Despite my mom's strength, wisdom and humor, she lost her battle against
lung cancer. Although she lived with the level of dignity most only
strive to achieve, she died with a stigma that nobody deserves.
I lost my battle too- I never succeeded in convincing my mom that she did
not deserve lung cancer. How could she? My mother was someone who took in
a young relative whose spine was severed in a car accident, nursing him
back to health and teaching him how adapt to his paralysis. My mother was
someone who tirelessly cared for those afflicted with Alzheimer's Disease,
counseling her patients and their families on how to cope with the
devastating diagnosis. My mother was someone who opened up our home as a
refuge for her sister who endured a difficult divorce, her cousin who
needed shelter during hard financial times, and even one of her employees
who suffered at the hands of a physically abusive spouse.

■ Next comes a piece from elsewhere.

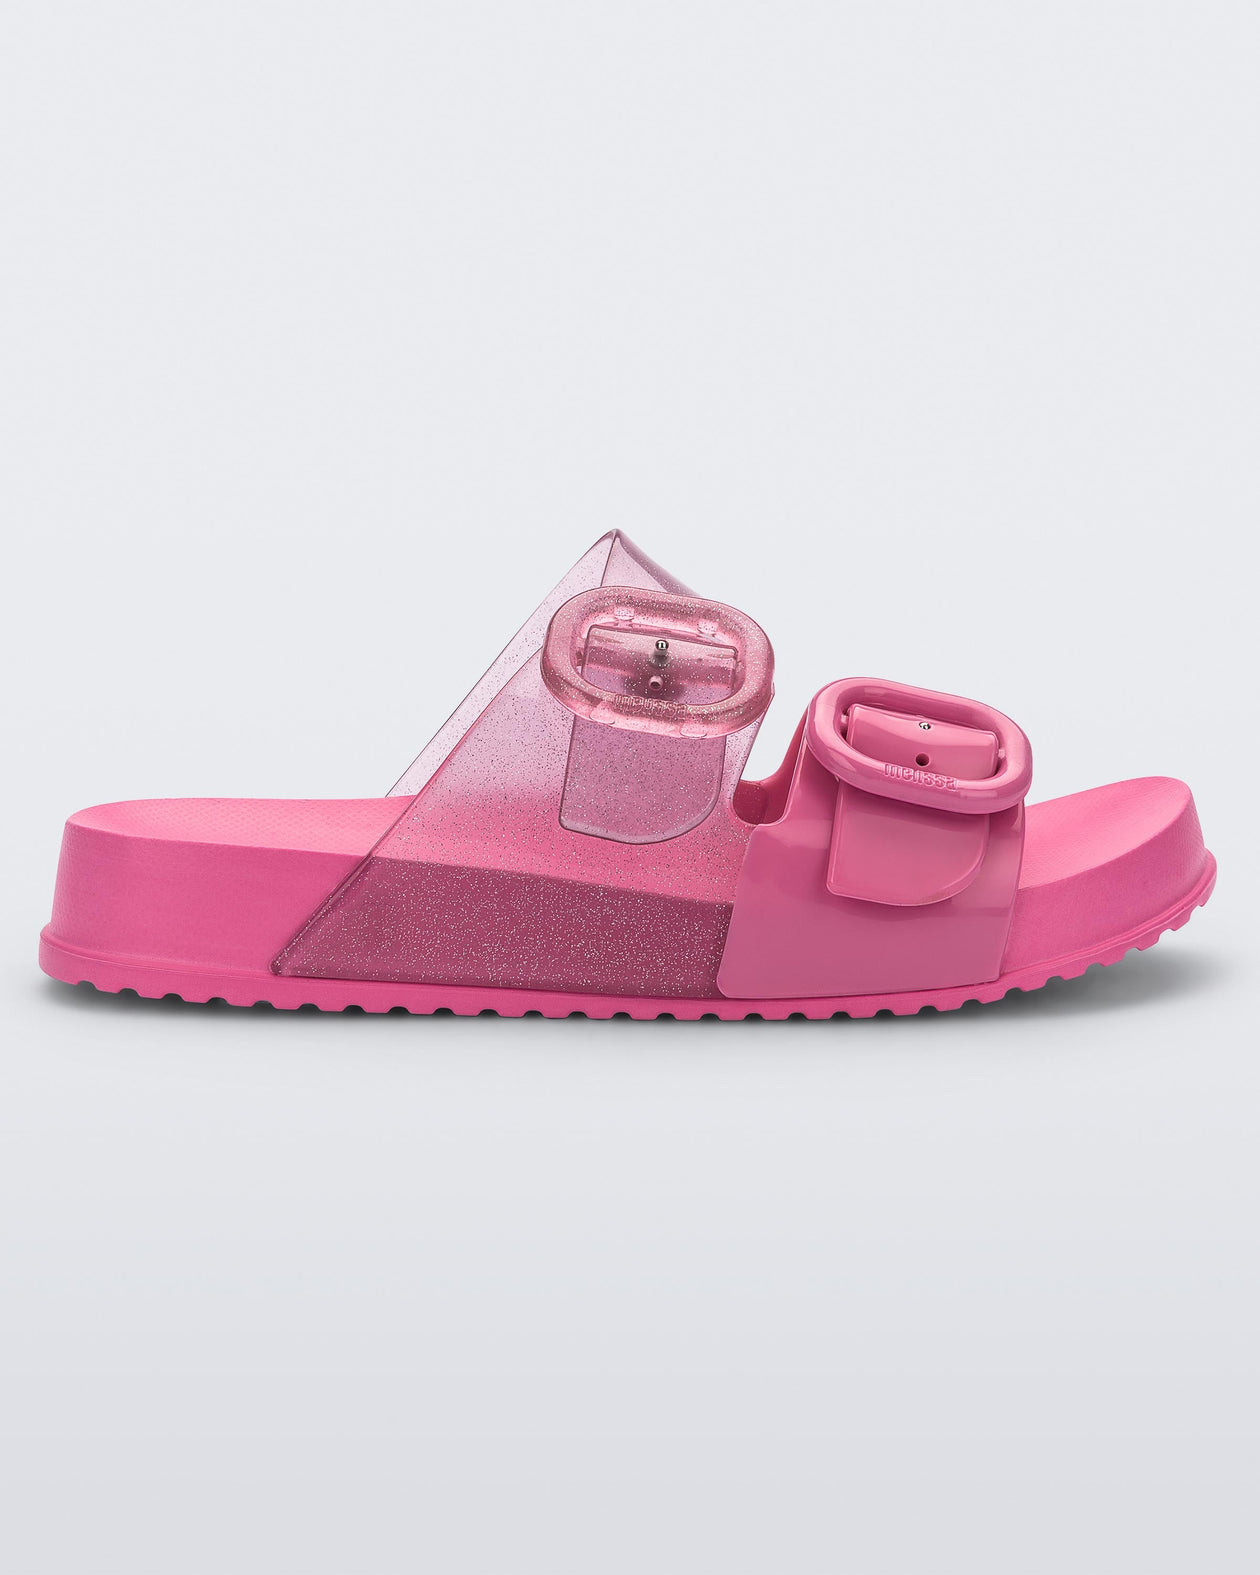 Side view of a pink Mini Melissa Cozy slide with two front straps with buckle details

How could someone like my mother believe she deserved lung cancer?
Because she was a smoker. Because smokers have been taught that they are
to blame for their condition. Because society looks down on smokers and
conveys that smokers get what they deserve.
Now I am no friend of the tobacco industry, and if it were up to me
cigarettes would be illegal. Cigarettes are bad for you. Smoking causes
all kinds of health problems. But the notion that a smoker deserves cancer
is an ugly and vindictive way of thinking. Unfortunately, that mind-set
has permeated our society to the extent that my own mother, who lived her
life selflessly, had been brainwashed into believing that she deserved
cancer.
This is also precisely the kind of thinking that has led to the current
state of lung cancer research. In 2006, only $1,630 federal research
dollars per lung cancer death were spent on lung cancer research, compared
to $21,704 per breast cancer death, $14,731 per prostate cancer death, and
$4,829 per colorectal cancer death. In addition, the Department of Defense
funds research for breast, ovarian, and prostate cancers, among other
diseases, but it does not fund research into lung cancer, this country's
primary cancer killer.
Roseann's Gift was established to help put an end to the disparity in
research funding. But an equally important goal of Roseann's Gift is to
raise awareness and end the stigma associated with lung cancer, because as
long as the stigma remains lung cancer will continue to kill more people
than the next three leading cancer-killers combined.